Laying A Solid Foundation for Succession
Legacy Precision Molds in Grand Rapids, Michigan, is a family-owned company in the truest sense. Tom VanRee, president, founded the company in 1995. His wife, Mary, worked alongside him, serving as bookkeeper and providing administrative support – a role she continues to play today. Fifteen years ago, son Tyler entered the family business right out of high school and is now vice president and a co-owner. He was followed by his brother, Seth, who came on board 10 years ago. Seth is a three- and five-axis CNC operator.
“My parents went through an extensive, year-long process of working through both their estate and business succession plans, finalizing the details by early 2013,” Tyler VanRee says. “They partnered with a professional who was experienced in all facets, including estate planning, business sale and acquisition, succession planning, tax planning and accounting. He helped develop a solid plan with several options that worked well for everyone involved.”
First off, I had to bare my soul, basically.

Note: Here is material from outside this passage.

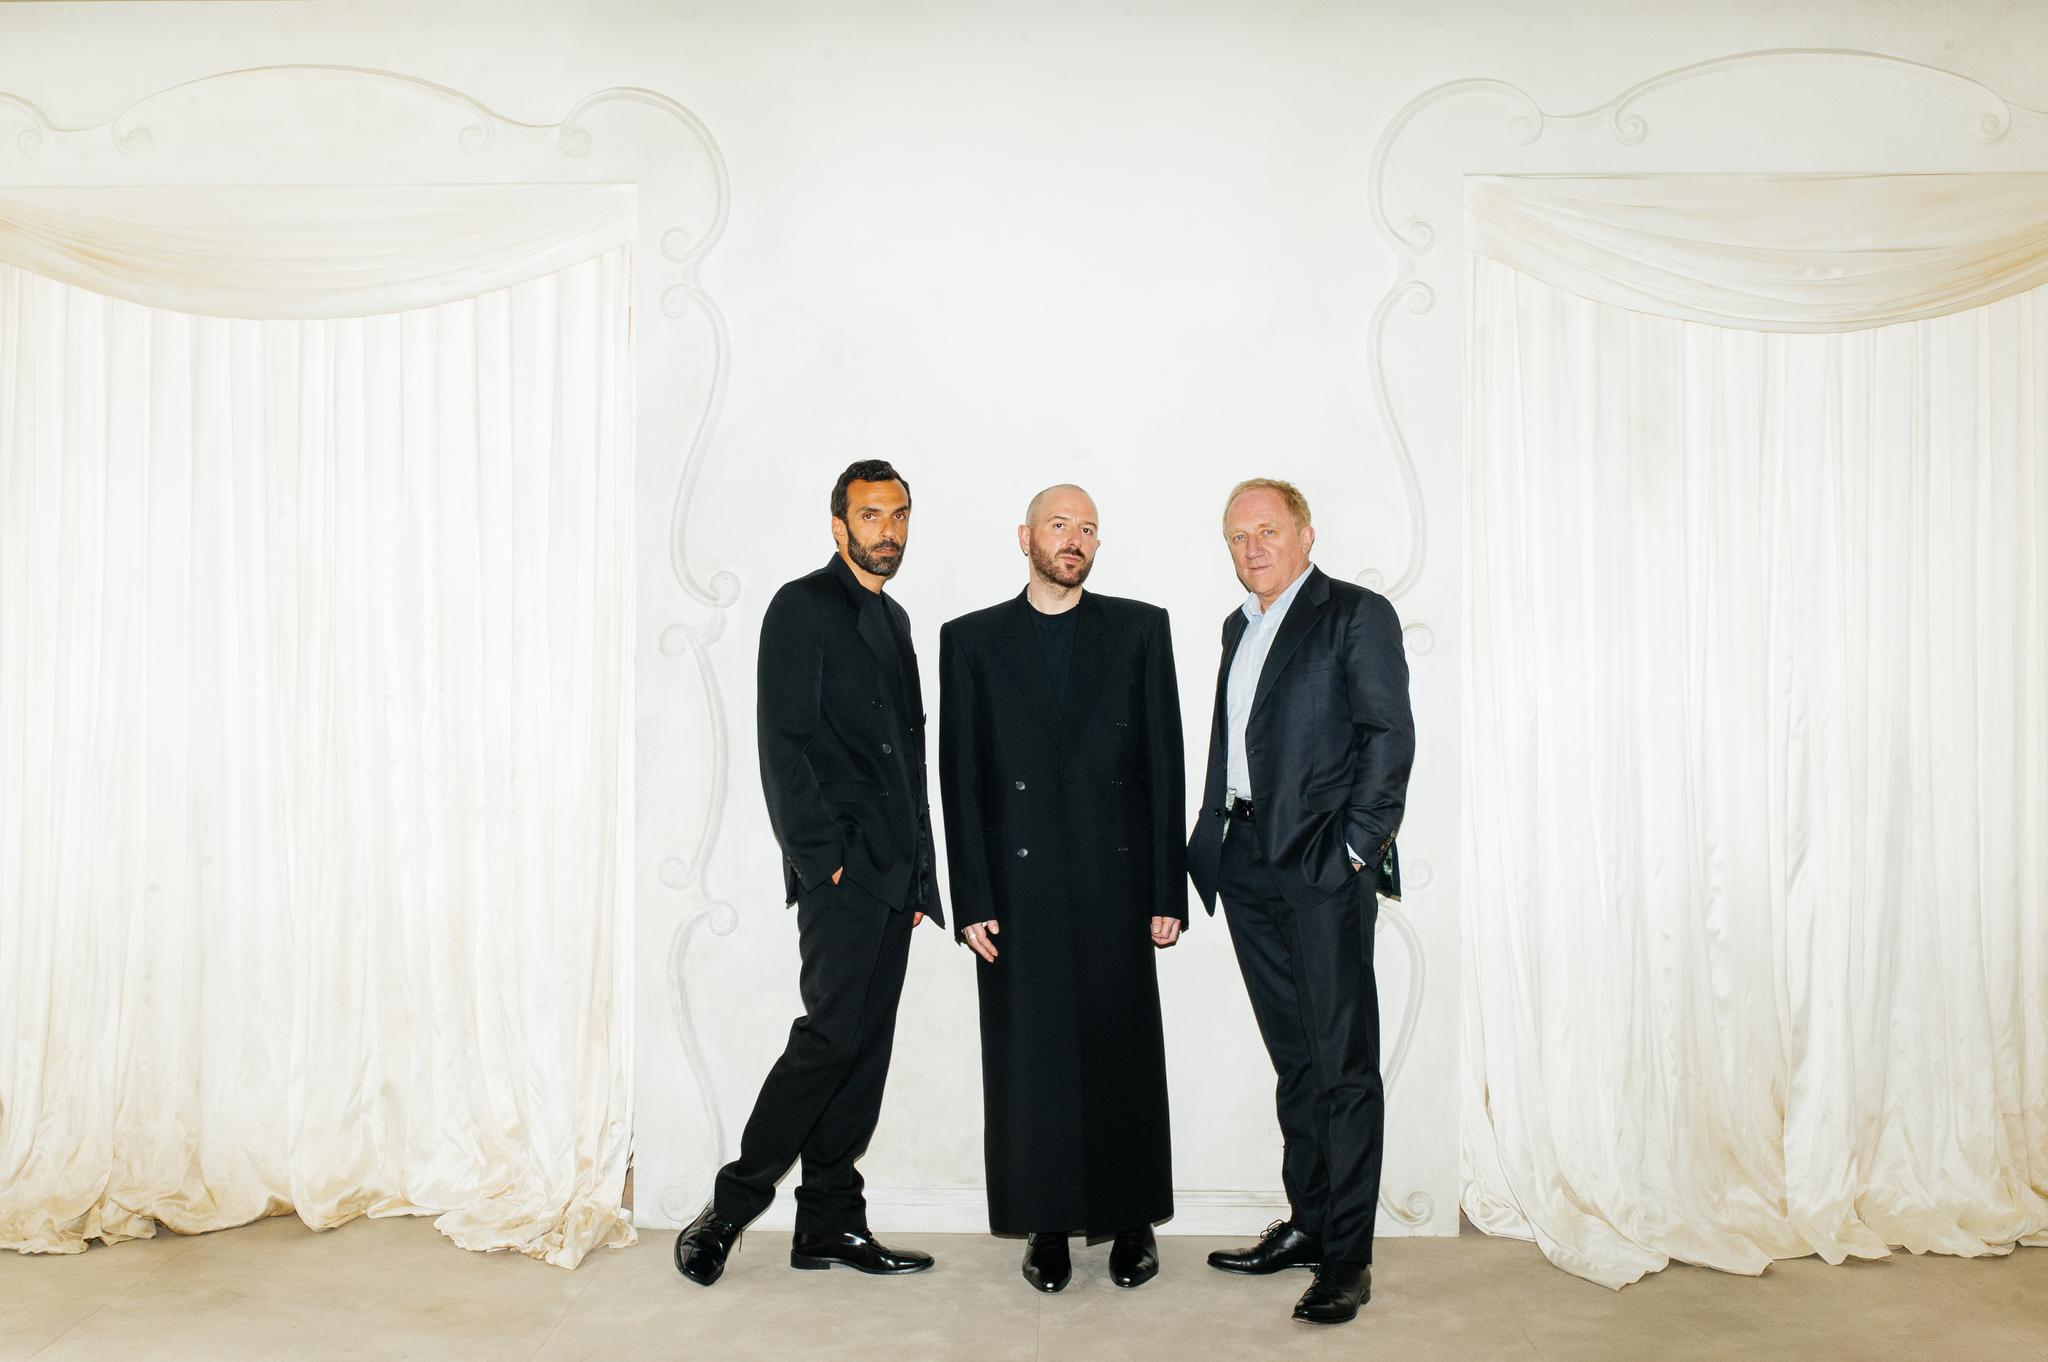 Cédric Charbit, Demna Gvasalia and François-Henri Pinault.

In a podcast interview with MoldMaking Technology’s Editorial Director Christina Fuges on The Manufacturing Alliance, Tom VanRee shares his thoughts on the process of building a succession plan. “First off, I had to bare my soul, basically,” he says. “We started from the ground up, figuring out all the dynamics of how we are going to do this for the rest of family. But it has been an eye opener, too. At the tail end of the process, we brought Tyler in, and we met with him as a team and made him a partner.” While son Seth is not a partner, that could change in the future.” Tyler says that at the time, his brother did not have an interest in ownership. “But he plays an important and vital role in the business, and there is a lot of value in that,” he says.
While Tom and Mary VanRee did not involve Tyler in the finite business of working with the consultant, they did make sure to explain to him what they had in mind and ask him if he was comfortable with the plan that was developed. “I applaud them because after that was all done they called a family meeting around a dinner table and mom and dad basically said, ‘hey, this is how it's all going to unravel over the next five, 10, 15 or 20 years, and this is what we've done to make sure it's fair for everyone involved.”

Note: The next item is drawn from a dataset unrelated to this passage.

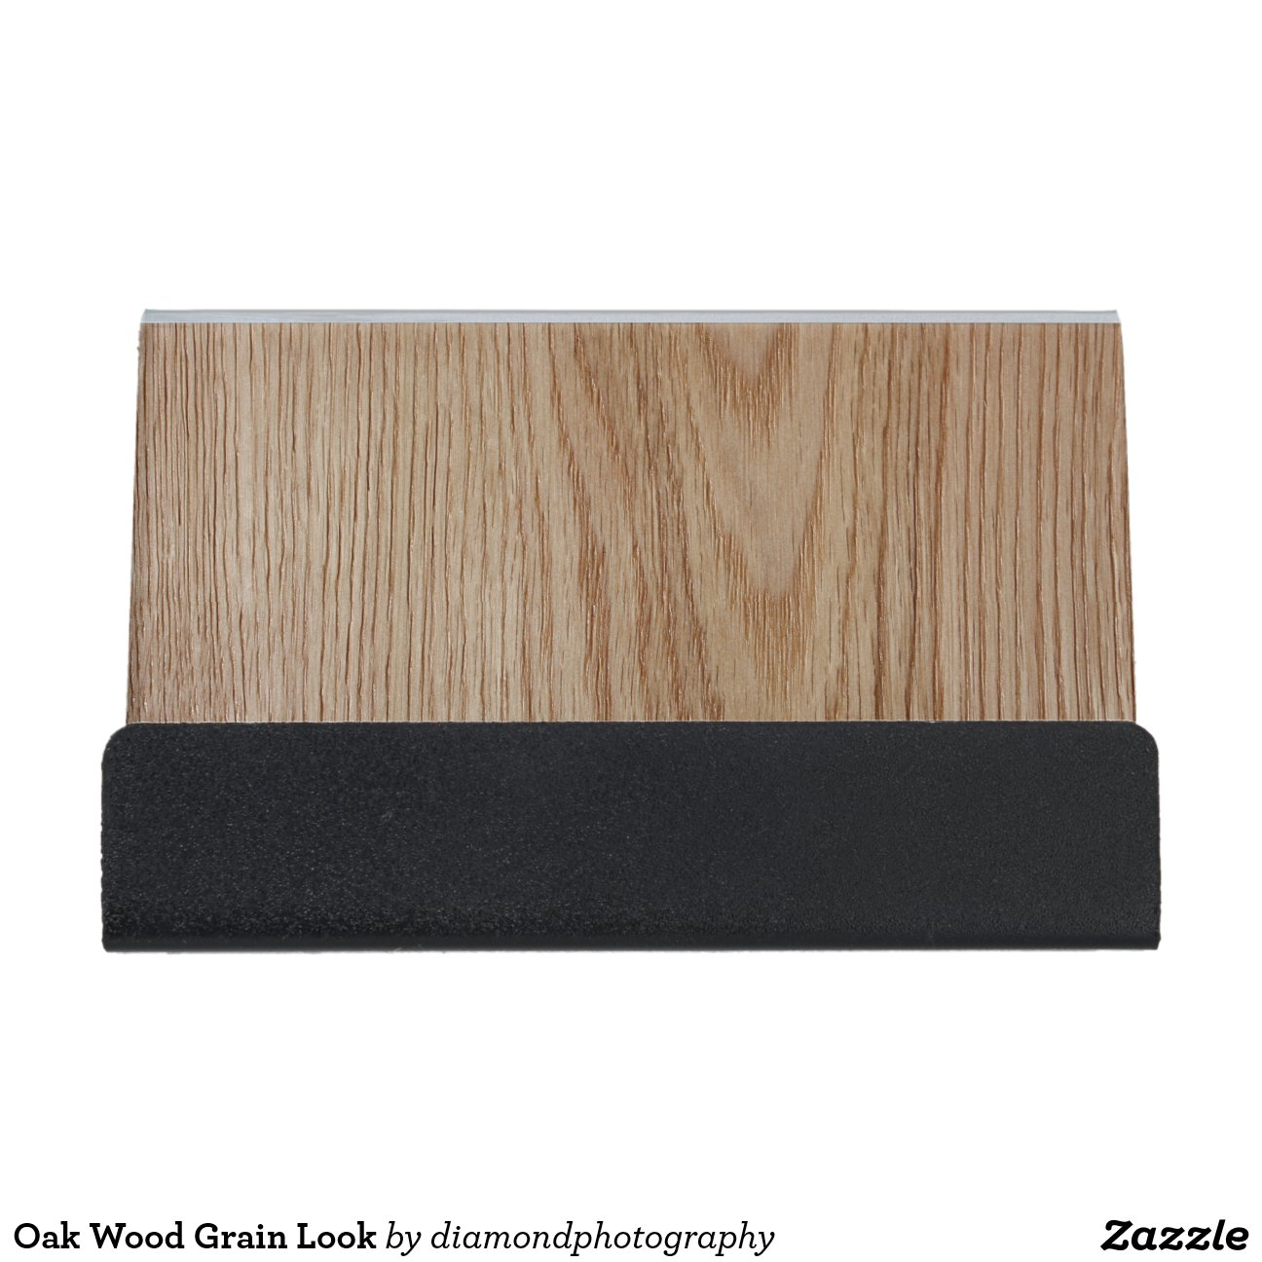 oak wood grain look desk business card holder

“Communication is critical,” Tom says. “I’ve seen businesses implode due to lack of communication.”
Asked what advice he would give to a fellow business owner who has not yet ventured into creating a succession plan, Tom says, “Just do it. Get started. It’s a big step. I thought about it for two years. Once you start going through the process, you learn a lot about yourself and your business and how they tie together.” He adds that even for those who may not have a son or daughter to take the business on, it is important to put one’s affairs in order such that it would make the business entity look more attractive to a potential outside buyer.
Once you start going through the process, you learn a lot about yourself and your business and how they tie together.
Tyler says the consultant raised another important consideration that was eye opening. “He said that before the transition between dad and me fully takes effect, it's wise for me to already have a succession plan in place. I was thinking to myself why in the world would I want that? Why wouldn't I just wait 20 years and figure that out when I'm about to retire? But tomorrow is never guaranteed for anybody, and if I'm going to take ownership, I'm responsible for every team member I have out there. I'm supporting families, and if I don't do my due diligence to ensure that this business can be sustained without me, then I failed them.”